# 12 bar blues examples



## kat_ (Jan 11, 2007)

I'd like to burn a CD for my students of various examples of a 12 bar blues. I have a few ideas that I'll definitely put on it but I'm looking for more. 

So, what's your favourite 12 bar blues? Non-bluesy examples are particularly welcome, so the students will understand how versitile the form can be.


----------



## puckhead (Sep 8, 2008)

a few thoughts:

Clash - Should i say or should i go
Link Wray - Rumble
Chuck Berry - Johnny B Goode
SRV - Life by the drop


----------



## jimihendrix (Jun 27, 2009)

the beatles..."can't buy me love"...

http://www.icce.rug.nl/~soundscapes/DATABASES/AWP/cbml.shtml


----------



## lbrown1 (Mar 22, 2007)

ELO - "Don't bring me down (strays from 12 bar at the "Bruce" part) - and sounds nothing like blues...so a cool demonstration of its transition into funky rock

Clapton has some great really cool ones like Strange Brew.....Sunshine of your Love (the turnaround strays from the format a bit)

Take a listen to Buddy Guy "Mary had a little Lamb"....more like 8 bars - bust shows a cool variation.

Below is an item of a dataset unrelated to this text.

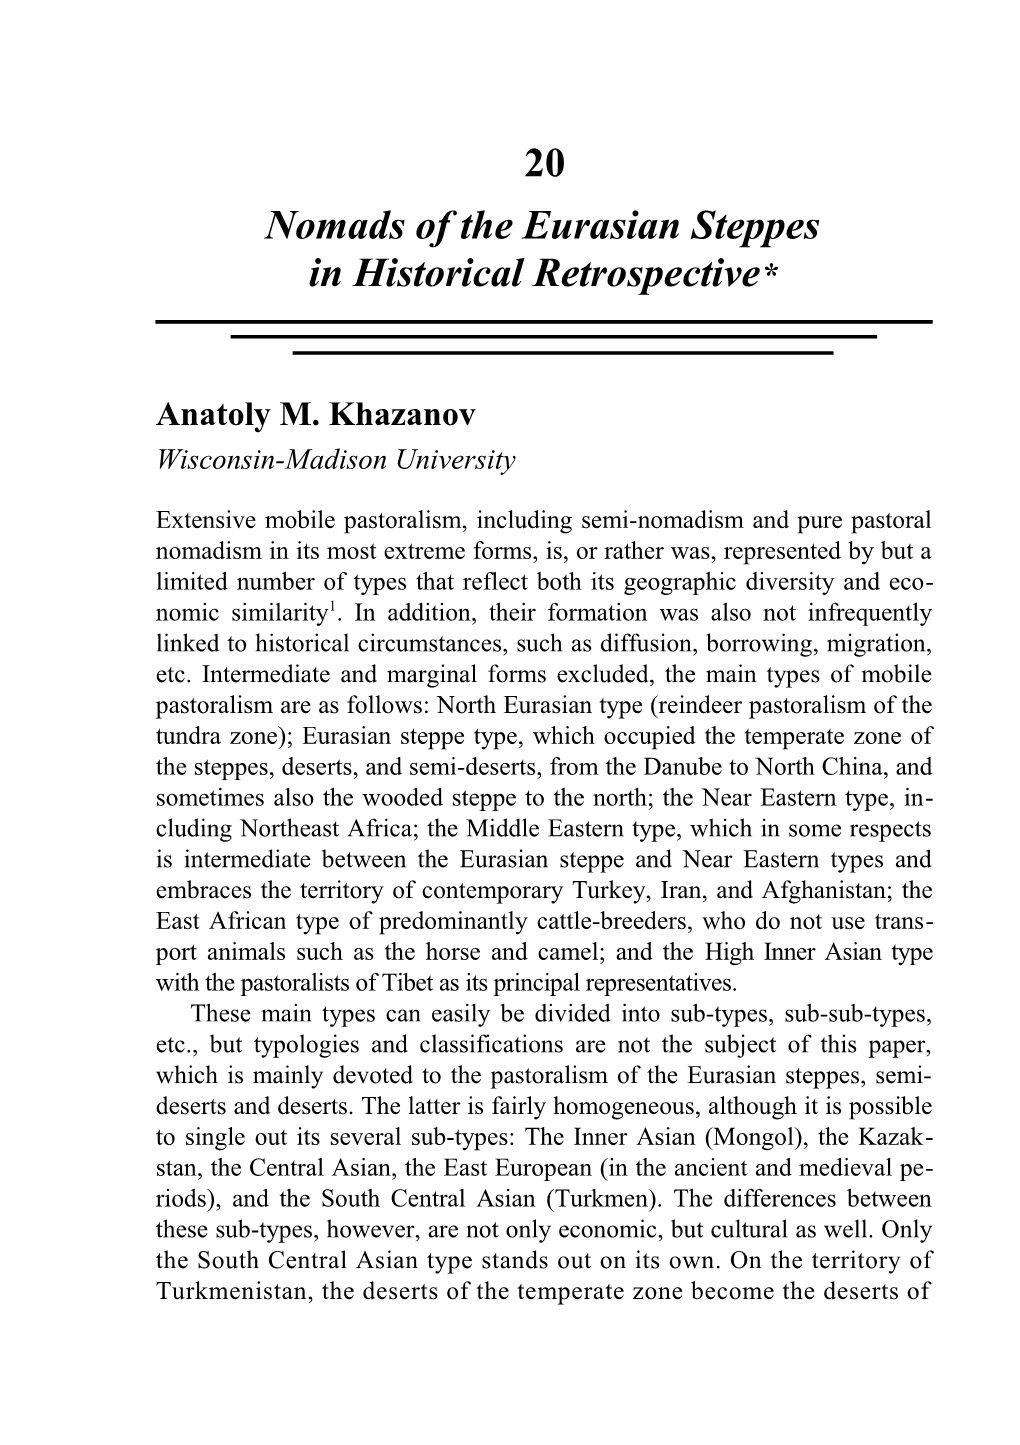 Khazanov / Nomads of the Eurasian Steppes 477

Straight up SRV - Pride and Joy

check out Mississippi Queen - sticks to the format but doesn't sound like blues.

Zepp - Lemon Song or "Rock and roll"

to name a few


----------



## kat_ (Jan 11, 2007)

Thanks for those suggestions. I think I'll put Jeff's Boogie and Jeff Beck's cover of Hound Dog on there too, since I can't burn a mix CD without including Jeff Beck.

Are there any Motley Crue or Aerosmith songs that'd fit? Crue and Joe Perry are coming here in January so they're going to be popular with the students for the next two months.


----------



## Powdered Toast Man (Apr 6, 2006)

I'm pretty sure The Rolling Stones - Parachute Woman would fit in.


----------



## Spikezone (Feb 2, 2006)

I know you're talking about burning a CD of different recorded tracks. Here's another one-how about Crossroads by Cream? 
There's also a site on the internet someone pointed out to me that has a whole lot of backing tracks, all different blues styles in different keys and tempos (if you want to suggest this to your student-every kid has access to the net these days):
http://www.bluesblast.com/jams2003.html#jamfiles
-Mikey


----------



## kat_ (Jan 11, 2007)

That's awesome Spikezone. Thanks for the link.


----------



## lbrown1 (Mar 22, 2007)

you mentioned Motley Crue.....its a cover - but "smokin in the boys room loosely follows the pattern


another that occurred to me....the Doors - Riders on the storm


----------